● **Recorded information**:

========================================================================

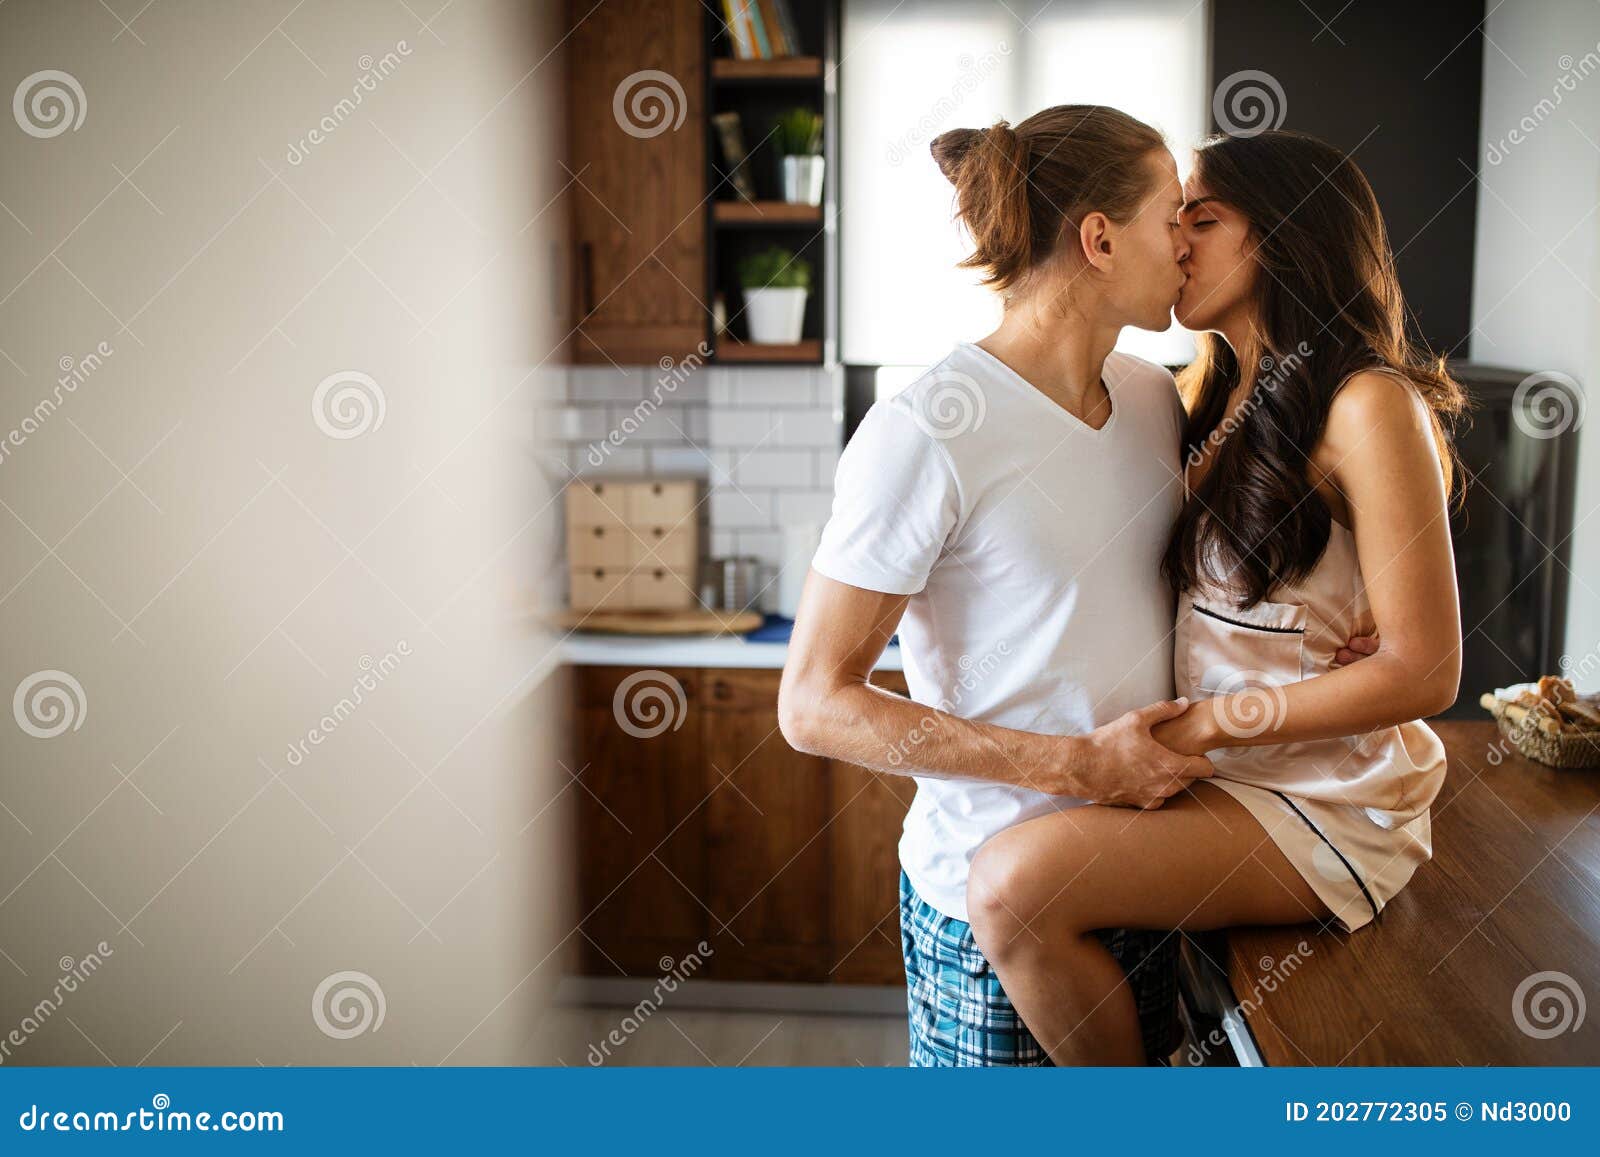 true loving married sex Sex Pics Hd
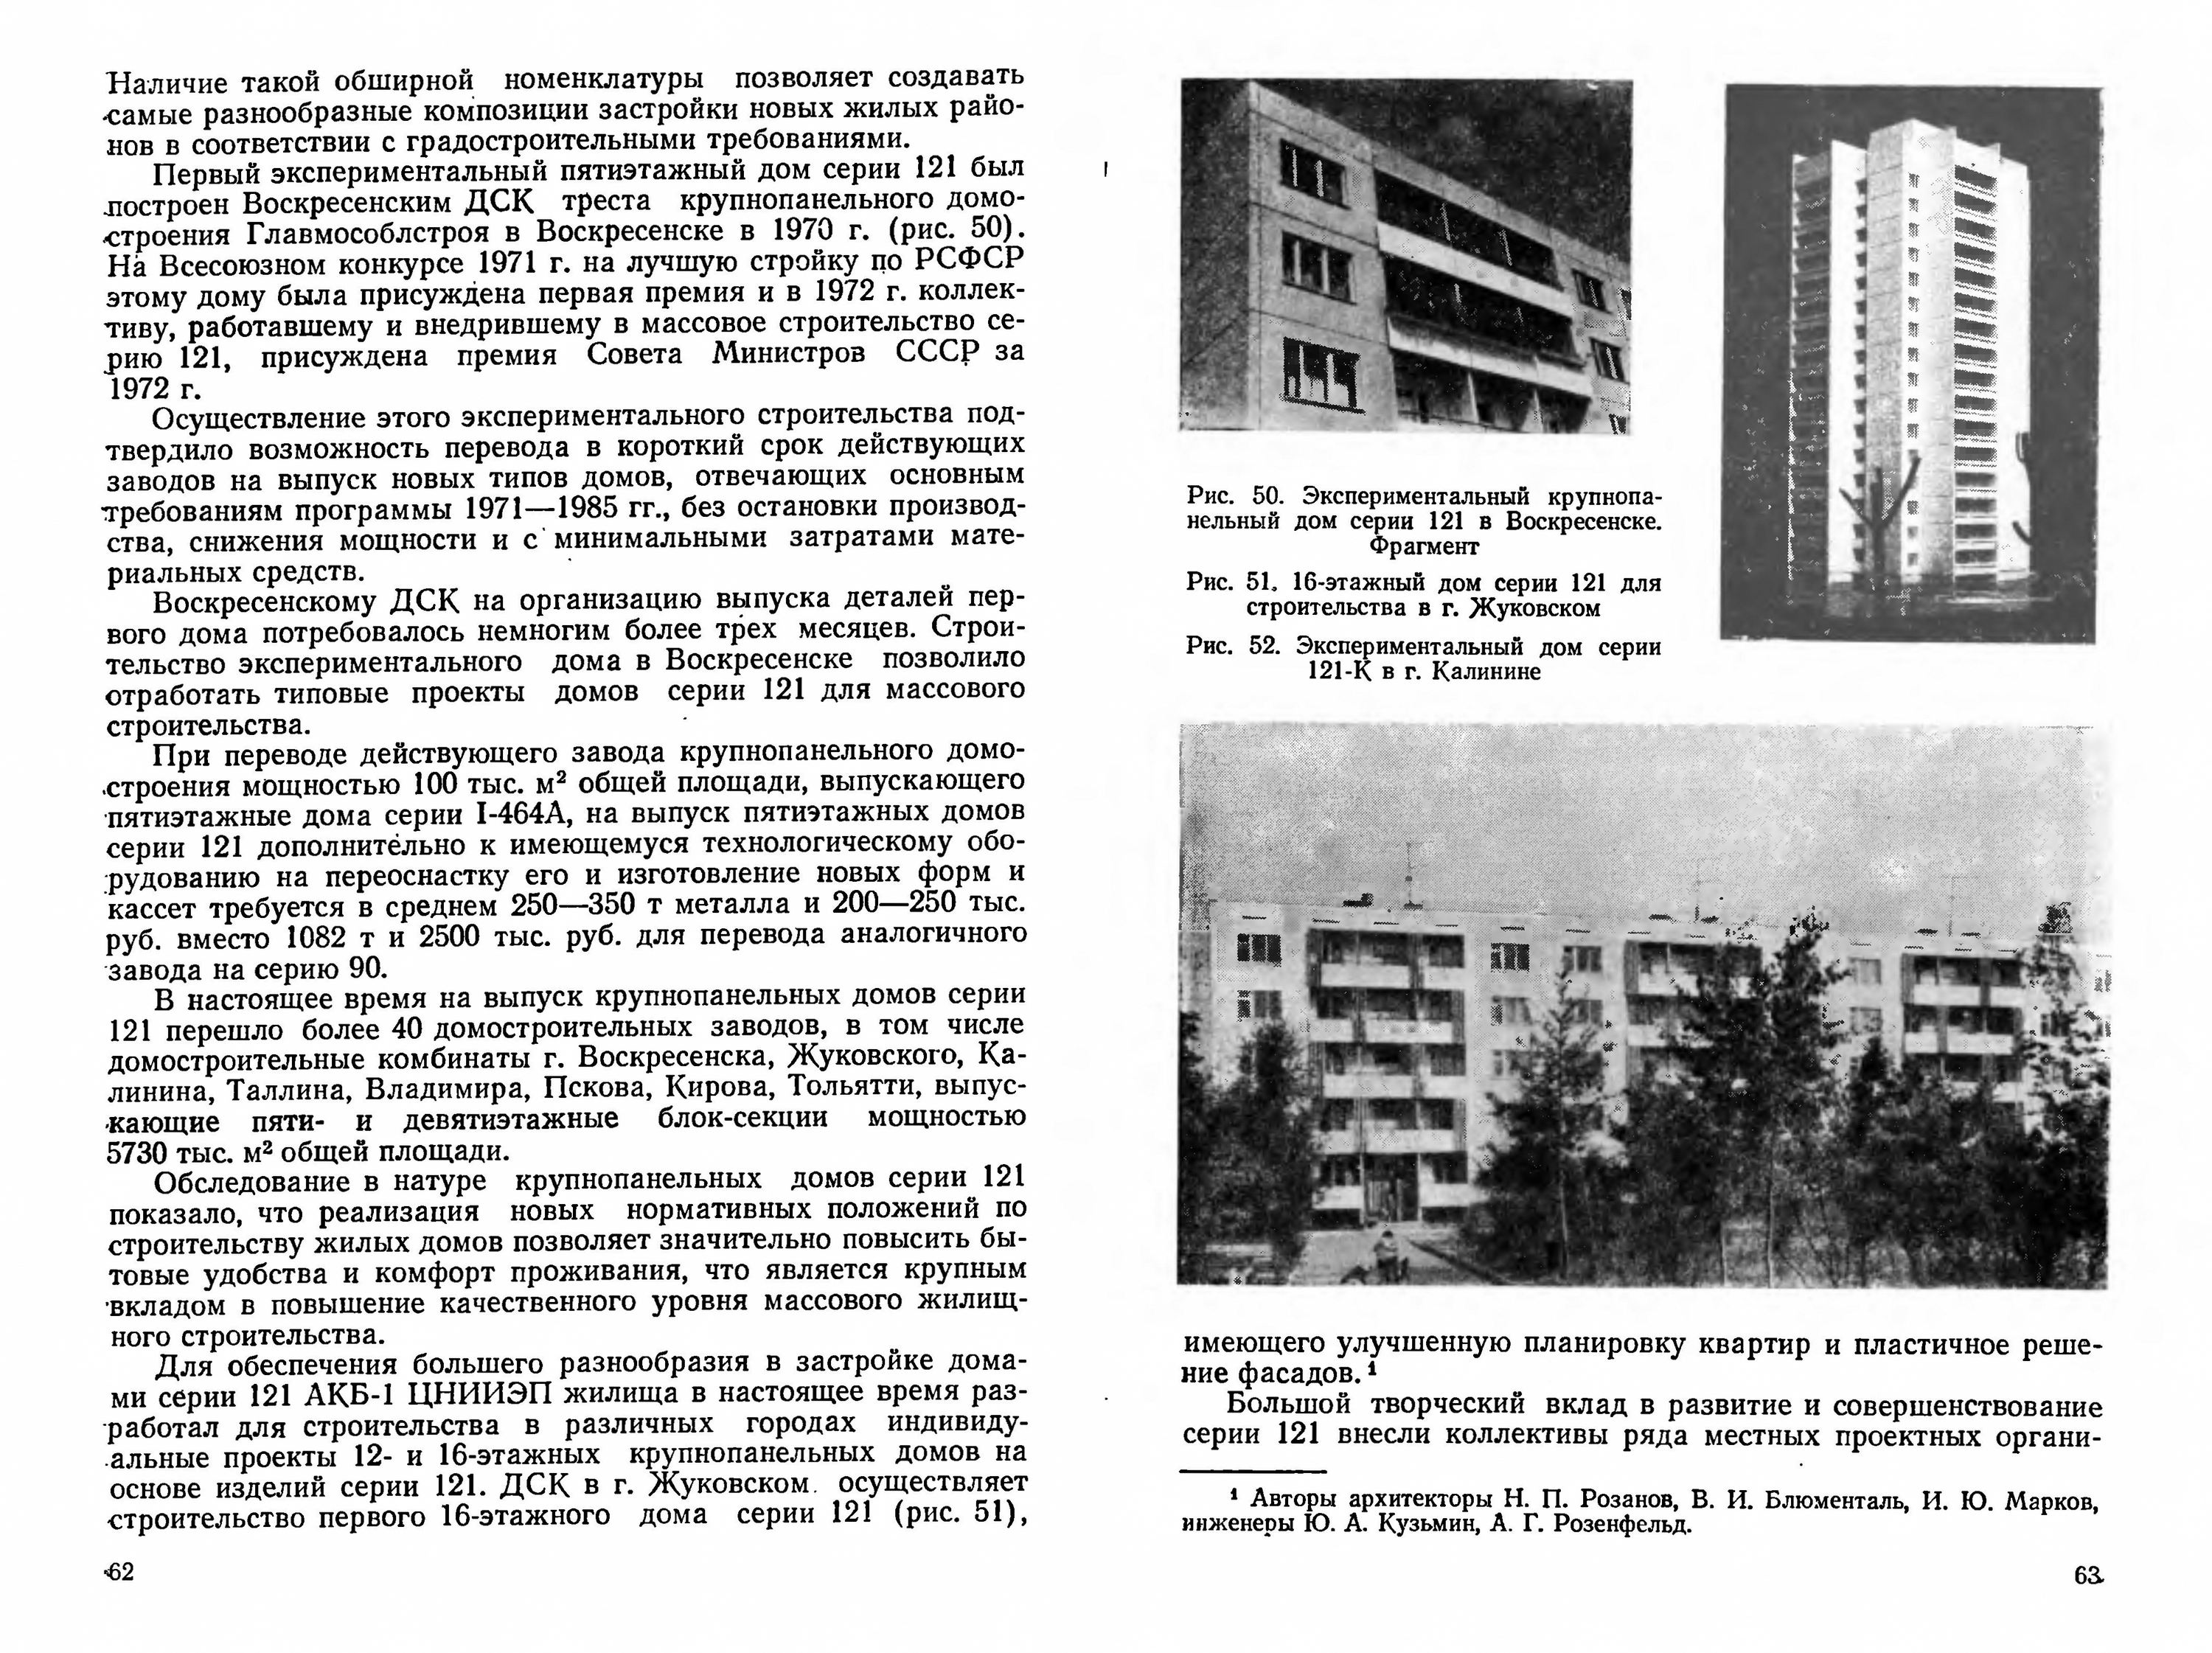 Крупнопанельное домостроение / Н. П. Розанов. — Москва : Стройиздат, 1982
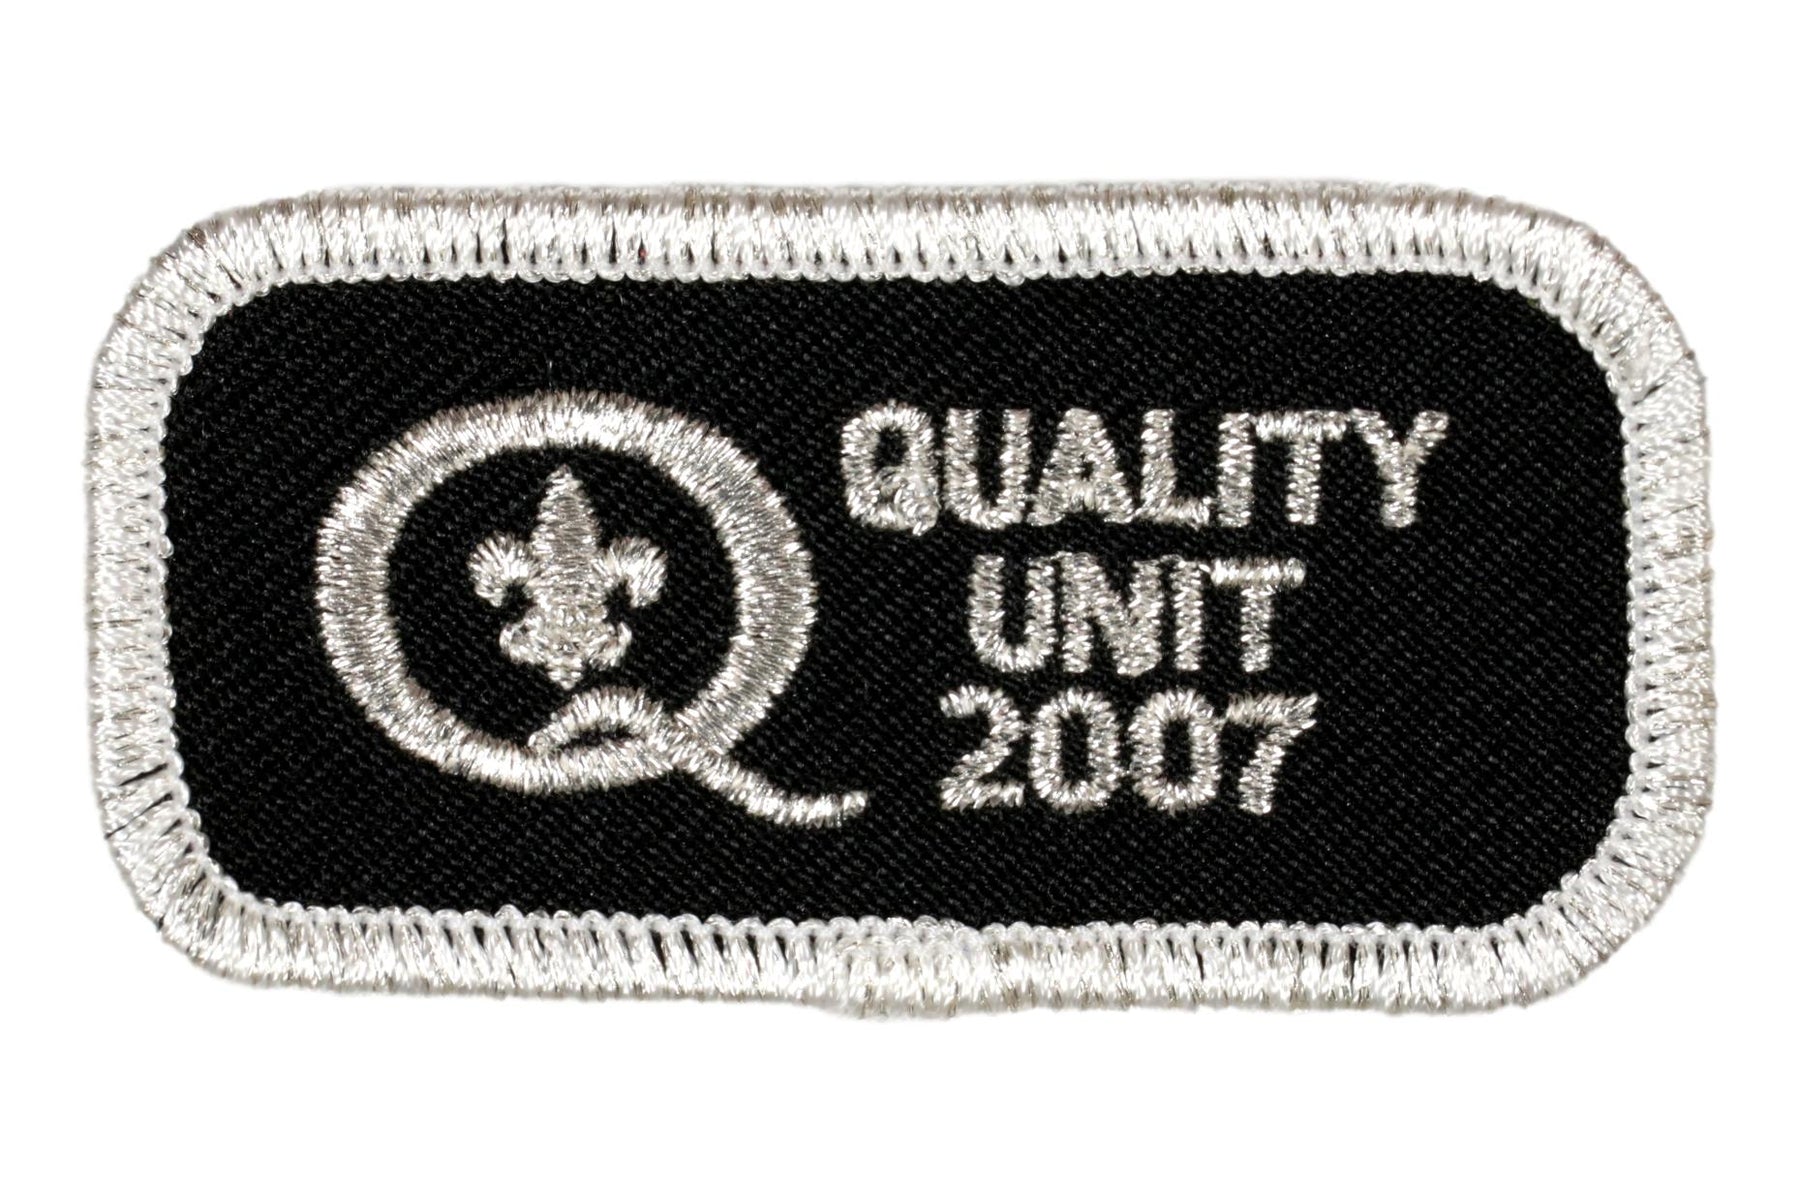 2007 Quality Unit Patch

========================================================================

● **Instructions to follow**: The data above needs to be retyped exactly, with the images left out.

● **Solution for this problem**:
 true loving married sex Sex Pics Hd
 Крупнопанельное домостроение / Н. П. Розанов. — Москва : Стройиздат, 1982
 2007 Quality Unit Patch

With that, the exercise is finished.